ClickHouse® Cluster with Zookeeper Production Configuration Guide
Moving from a single ClickHouse® server to a clustered format provides several benefits:
- Replication guarantees data integrity.
- Provides redundancy.
- Failover by being able to restart half of the nodes without encountering downtime.
Moving from an unsharded ClickHouse environment to a sharded cluster requires redesign of schema and queries. Starting with sharding from the beginning makes it easier in the future to scale the cluster up.
Setting up a ClickHouse cluster for a production environment requires the following stages:
- Hardware Requirements
- Network Configuration
- Create Host Names
- Monitoring Considerations
- Configuration Steps
- Setting Up Backups
- Staging Plans
- Upgrading The Cluster
Hardware Requirements
ClickHouse
ClickHouse will take everything from your hardware. So the more hardware - the better. As of this publication, the hardware requirements are:
- Minimum Hardware: 4-core CPU with support of SSE4.2, 16 Gb RAM, 1Tb HDD.

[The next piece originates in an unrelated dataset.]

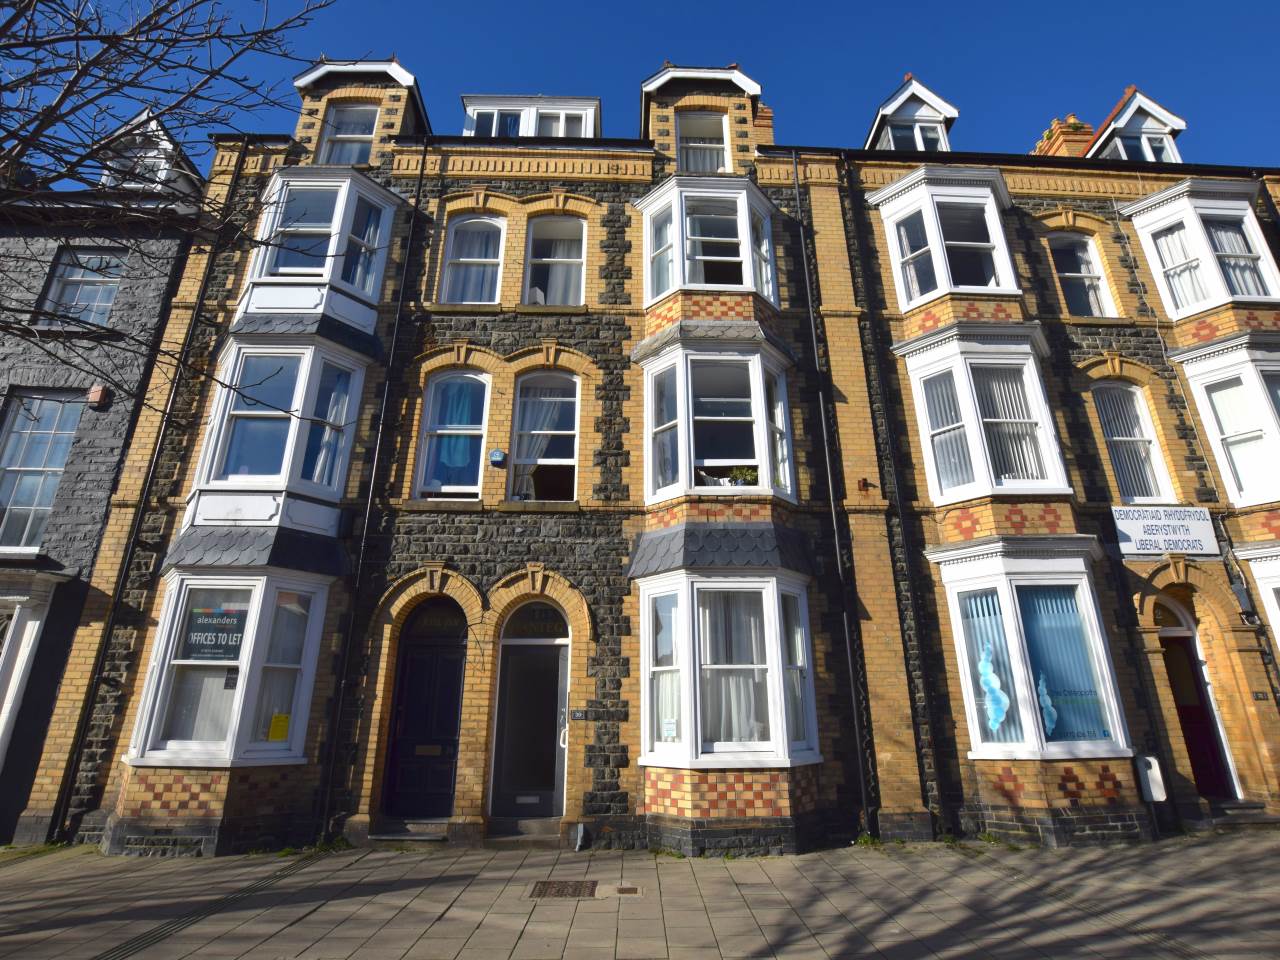 1 bed flat to rent in Aberystwyth, Ceredigion  - Property Image 1

- Recommended for development and staging environments.
- SSE4.2 is required, and going below 4 Gb of RAM is not recommended.
- Recommended Hardware: =16-cores, >=64Gb RAM, HDD-raid or SSD.

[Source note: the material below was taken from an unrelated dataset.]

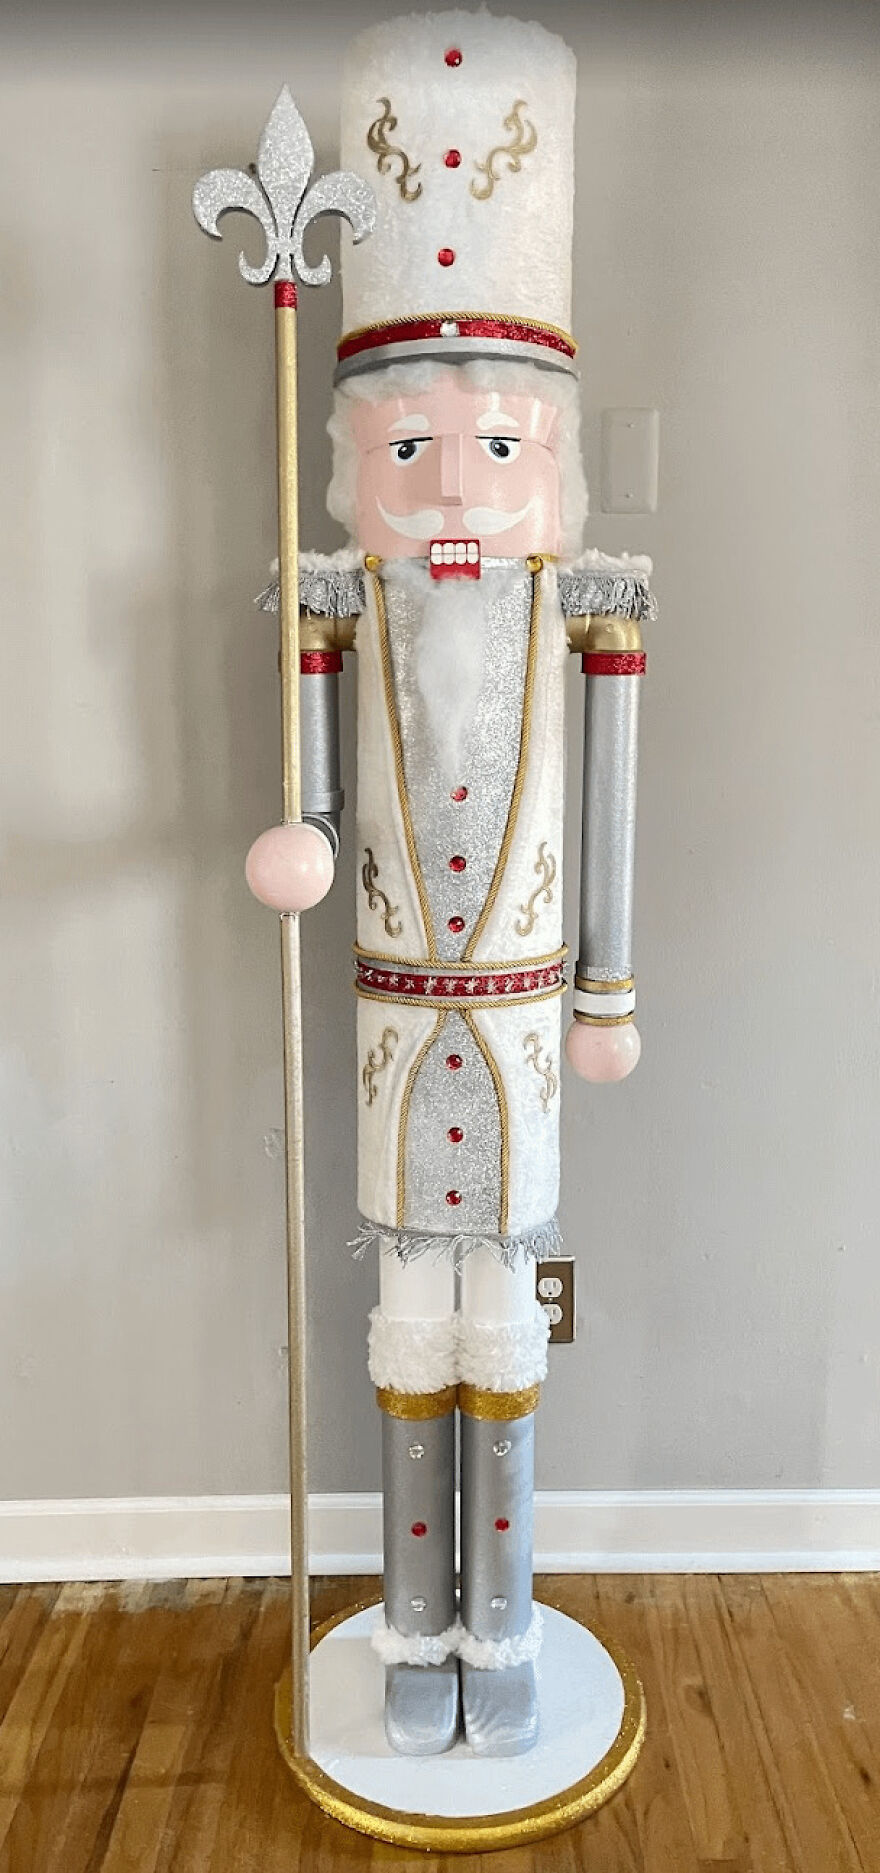 Wife Wanted To Buy A 6ft Nutcracker, ... I Told Her I Could Make Her One!

- For processing up to hundreds of millions of rows.
Zookeeper
Zookeeper requires separate servers from those used for ClickHouse. Zookeeper has poor performance when installed on the same node as ClickHouse.

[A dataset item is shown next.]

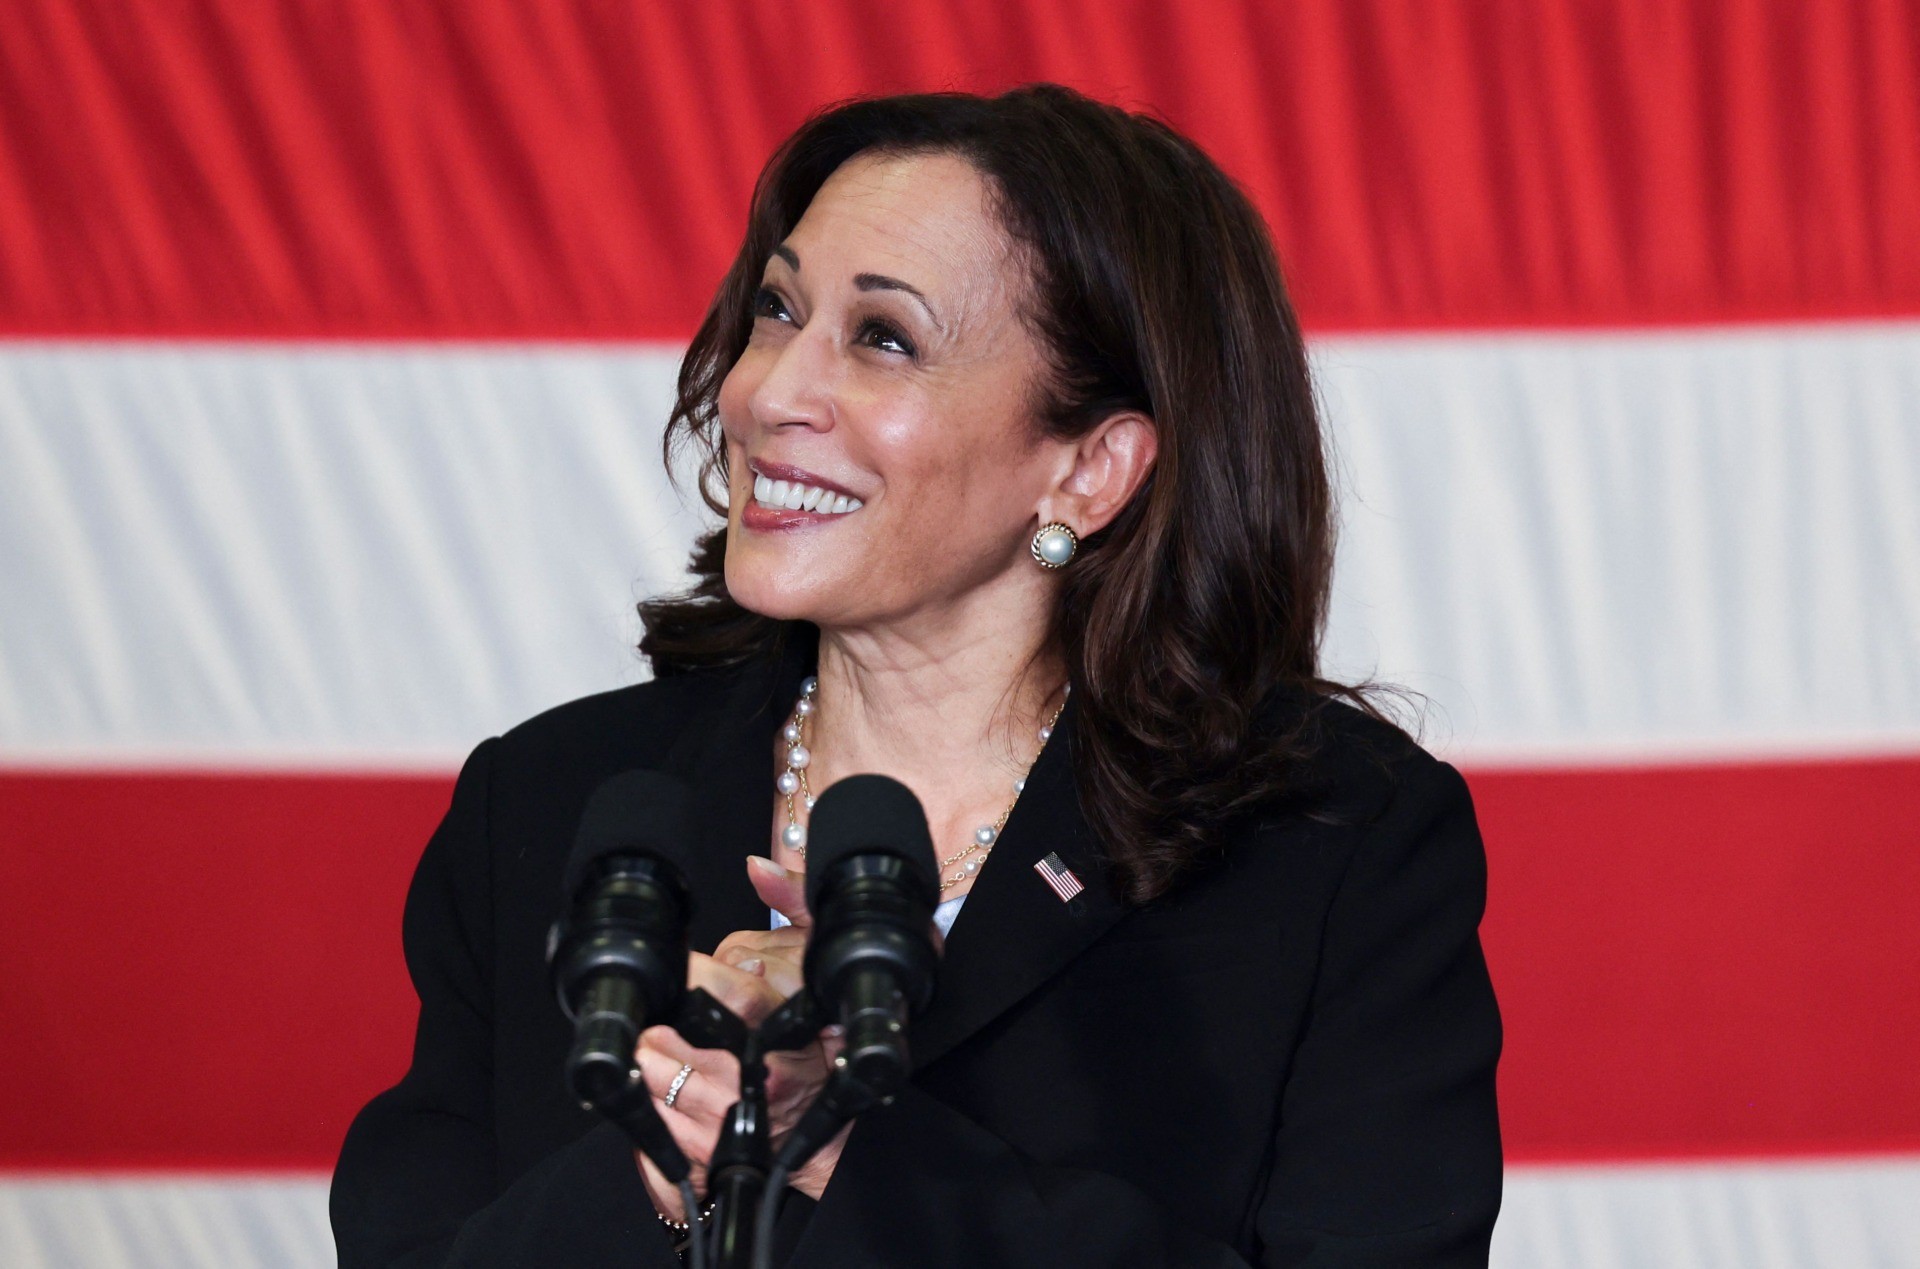 US Vice President Kamala Harris reacts as she speaks to troops during a visit to the USS Tulsa in Singapore on August 23, 2021. (Photo by EVELYN HOCKSTEIN / POOL / AFP) (Photo by EVELYN HOCKSTEIN/POOL/AFP via Getty Images)

Hardware Requirements for Zookeeper:
- Fast disk speed (ideally NVMe, 128Gb should be enough).
- Any modern CPU.
- 8Gb of RAM
The number of Zookeeper instances depends on the environment:
- Production: 3 is an optimal number of zookeeper instances.
- Development and Staging: 1 zookeeper instance is sufficient.
As a reference, see Running Zookeeper in Production.
Hardware Configuration
Configure the servers according to the ClickHouse Usage Recommendations.
Test Your Hardware
Be sure to test the following:
- RAM speed.
- Network speed.
- Storage speed.
It’s better to find any performance issues before installing ClickHouse.
Network Configuration
Networking And Server Room Planning
It is recommended to use a fast network, ideally 10 Gbit. ClickHouse nodes generate a lot of traffic along with the Zookeeper connections and inter-Zookeeper communications.
Low latency is more important than bandwidth.
Keep the replicas isolated on hardware level. This allows for cluster failover from possible outages.
- For Physical Environments: Avoid placing two ClickHouse replicas to the same server rack. Ideally they should be on isolated network switches and an isolated power supply.
- For Cloud Environments: Use different availability zones between the ClickHouse replicas.
These settings are the same as the Zookeeper nodes.
For example:
Rack | Server | Server | Server | Server |
---|---|---|---|---|
Rack 1 | CH_SHARD1_R1 | CH_SHARD2_R1 | CH_SHARD3_R1 | ZOO_1 |
Rack 2 | CH_SHARD1_R2 | CH_SHARD2_R2 | CH_SHARD3_R2 | ZOO_2 |
Rack 3 | ZOO3 |
Network Ports And Firewall
ClickHouse listens the following ports:
- 9000:
clickhouse-client
, native clients, other clickhouse-servers connect to here. - 8123: HTTP clients
- 9009: Other replicas will connect here to download data.
For more information, see the blog post ClickHouse Networking, Part 1.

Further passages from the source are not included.